Hi all, I am trying to generate plausible aligned sequences from a MSA.
My current idea is to use hmmer's hmmbuild to build a hmm model, then hmmemit -> hmmalign to generate an aligned sequence.
However, it seems like hmmbuild is realigning the sequences. Therefore the final aligned sequence does not match my original MSA.
Does anyone have any suggestions? Thanks, David
Example
The starting MSA (using PF00313 from Pfam):
A0A1G7SQH8.1/3-67 -QGF.V..K...W..F.......NA...E......K....G...F..G............F......I........G..........P..........D...........D.........G..........G............E.......D..........V..F..VH..F....S..A.I......E...D..RG.................gF.R..S...L......D.....E.....G.A...R....V..E.....Y..E.ASP.........GQR....G...L...Q.A.D.RVTP-
Build HMM model:
hmmbuild -o test.log -O test_alignment.txt test.hmm PF00313.uniprot
checking the alignment produced by hmmbuild (test_alignment.txt) shows that the alignment has shifted
A0A1G7SQH8.1/3-67
~QGF.V..K...W..F.......NA...E......K....G...F..G............F......I........G..........P..........D...........D.........G..........G............E.......D..........V..F..VH..F....S..A.I......E...D..RG.................gF.R..S...L......D.....E.....G.A...R....V..E.....Y..E.ASP.........GQR....G...L...Q.A.D.RVTP
Emit a sequence gives a gapless sequence:
hmmemit test.hmm
CSD-sample1
IDGTMCTAAATSIFKKTFGFIHQHNLPEDSYKSCTYLVHSSTVEKFLQVVKPAELLCFDVEKVGPYPVGGANALQIRS
If you want
hmmemit
to sample an alignment, have you triedhmmemit -a
?This is in the help page and in the documentation:
Options controlling what to emit: -a : emit alignment
Could you provide the command line you are running and illustrate the issue with an example?
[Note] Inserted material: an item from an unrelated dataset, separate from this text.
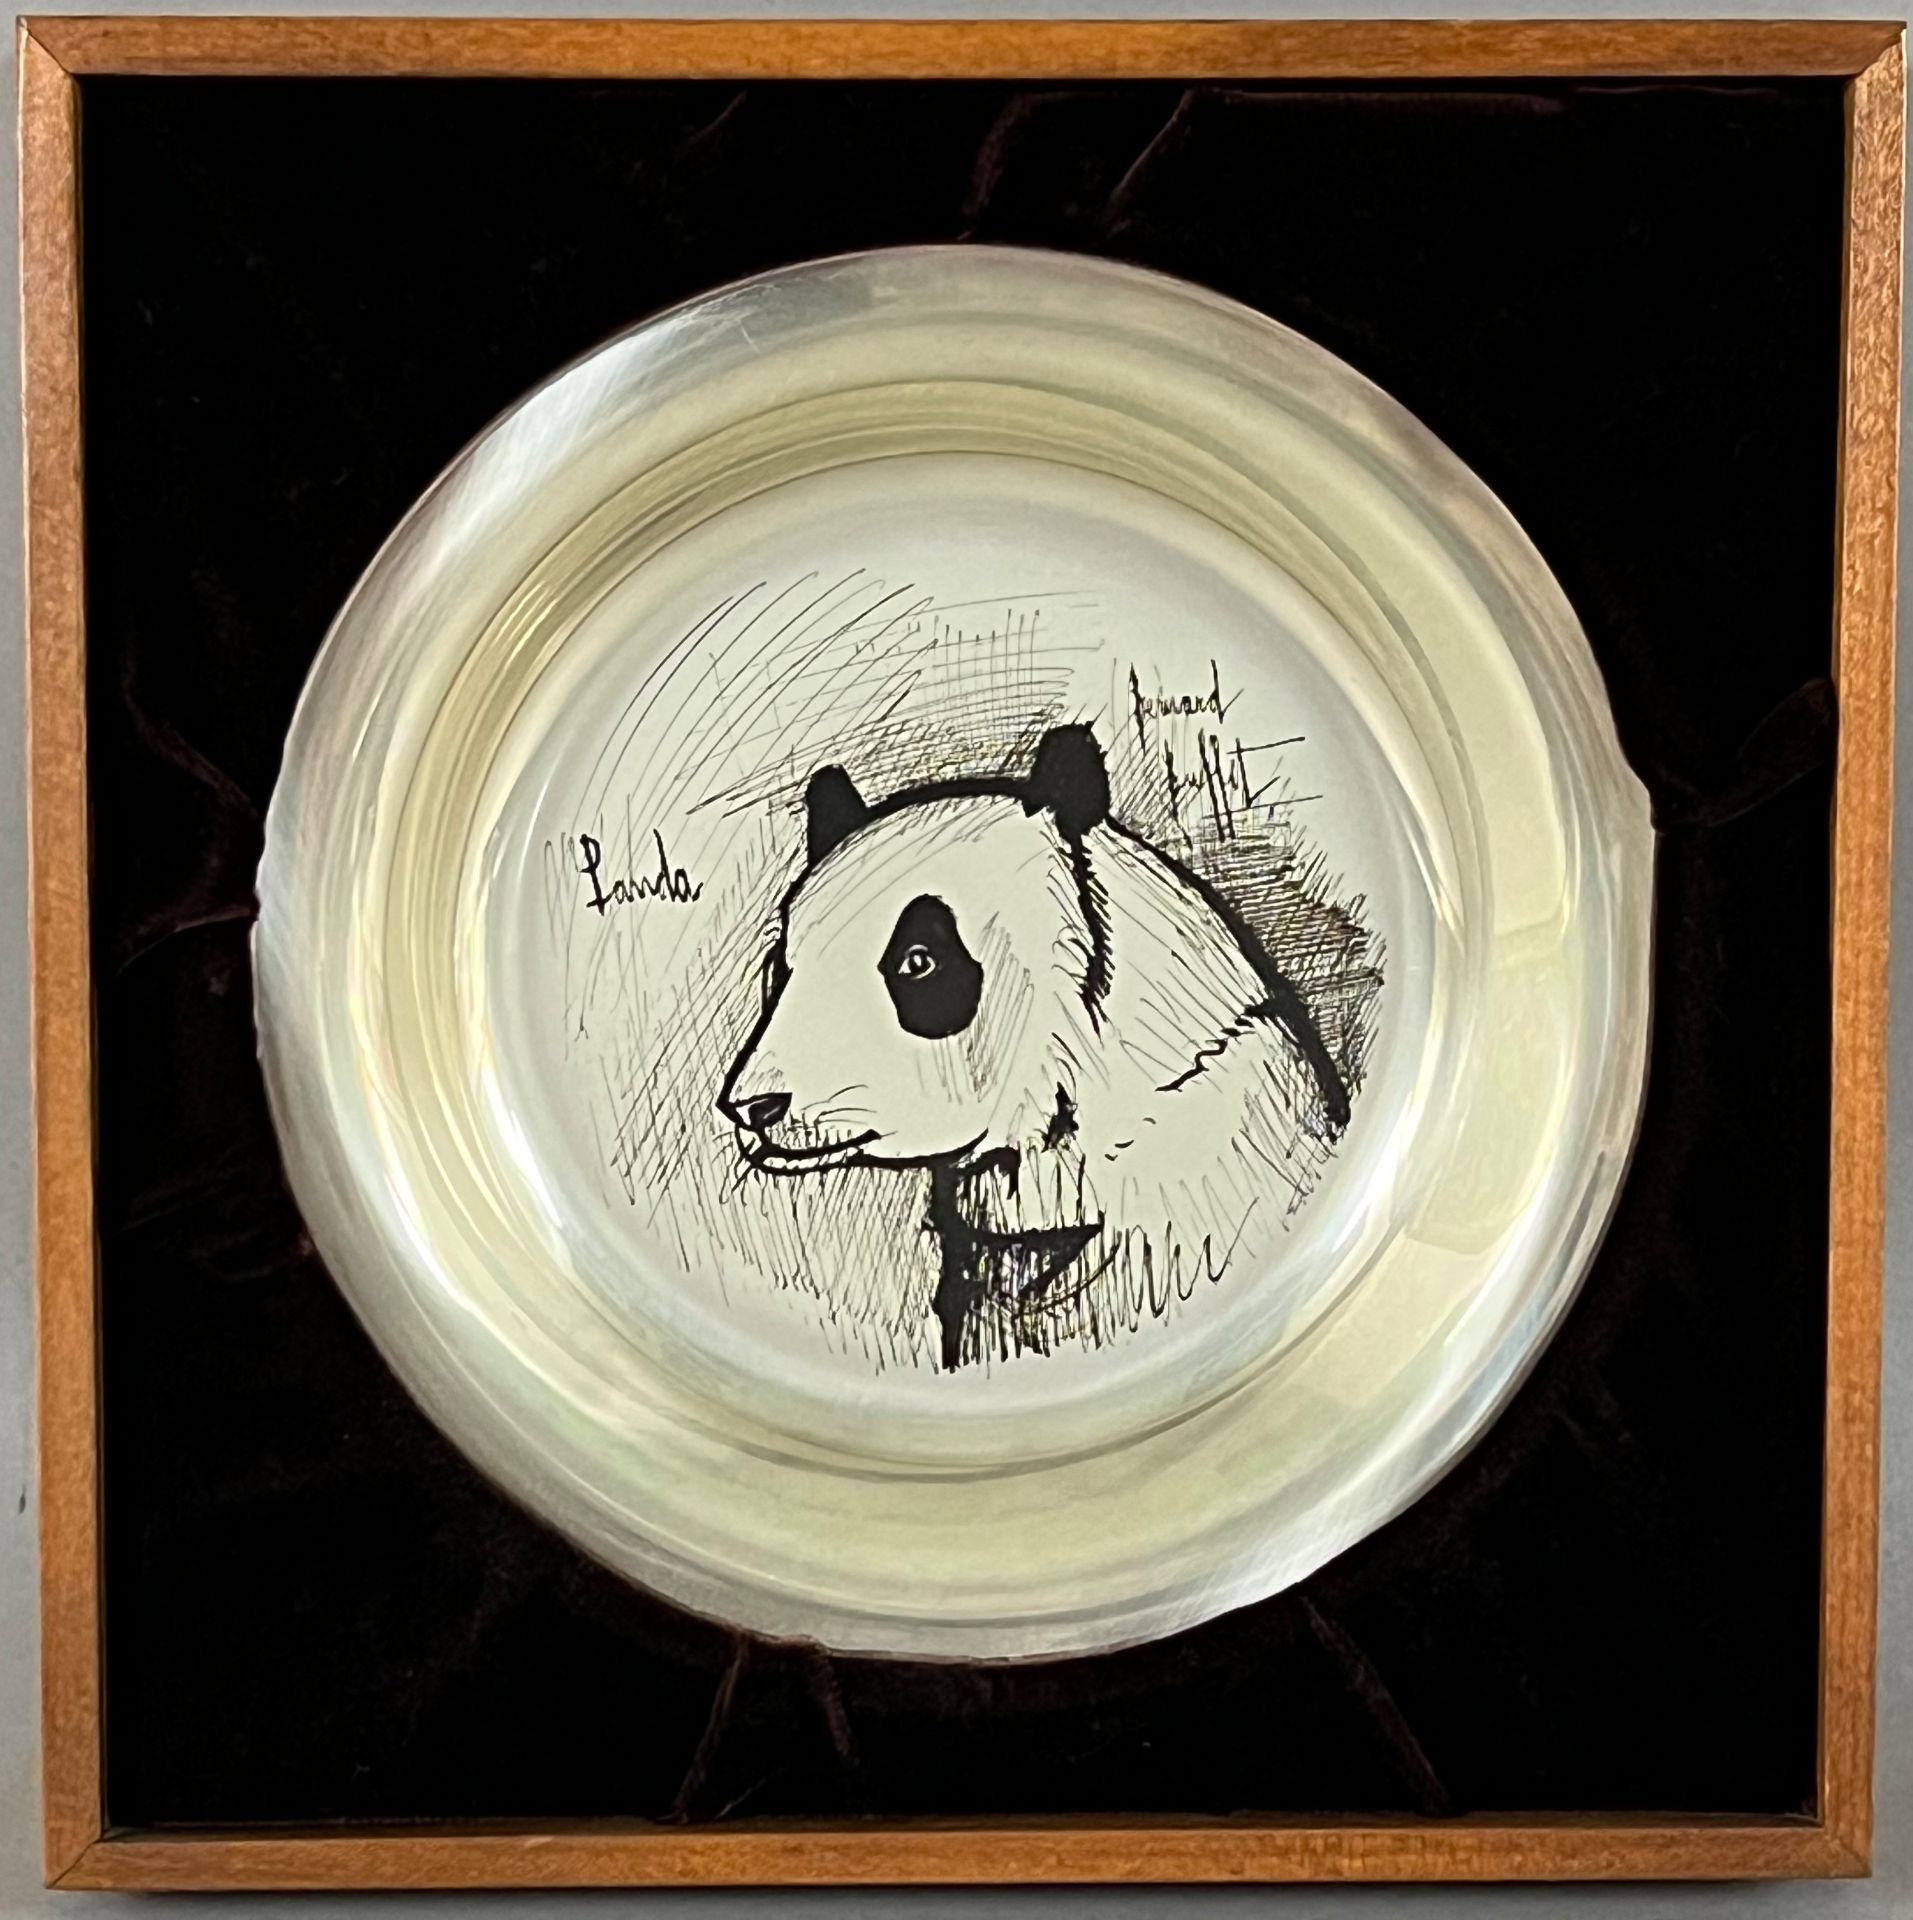 Bernard BUFFET (1928 - 1999). Künstlerteller aus 925 Silber. "Panda". 1974. - Bild 3 aus 5

Added by editing the initial question.
What do you mean by plausible aligned sequences from the MSA?
If you have an MSA do you not already have aligned sequences to use?
Yes I have lots of sequences, but I would like new sequences that are not necessarily in the MSA but which fit within the HMM model. (In the same way a trained HMM model can identify unique sequences, not necessarily only those within the training MSA. But now emitting sequences rather than searching.)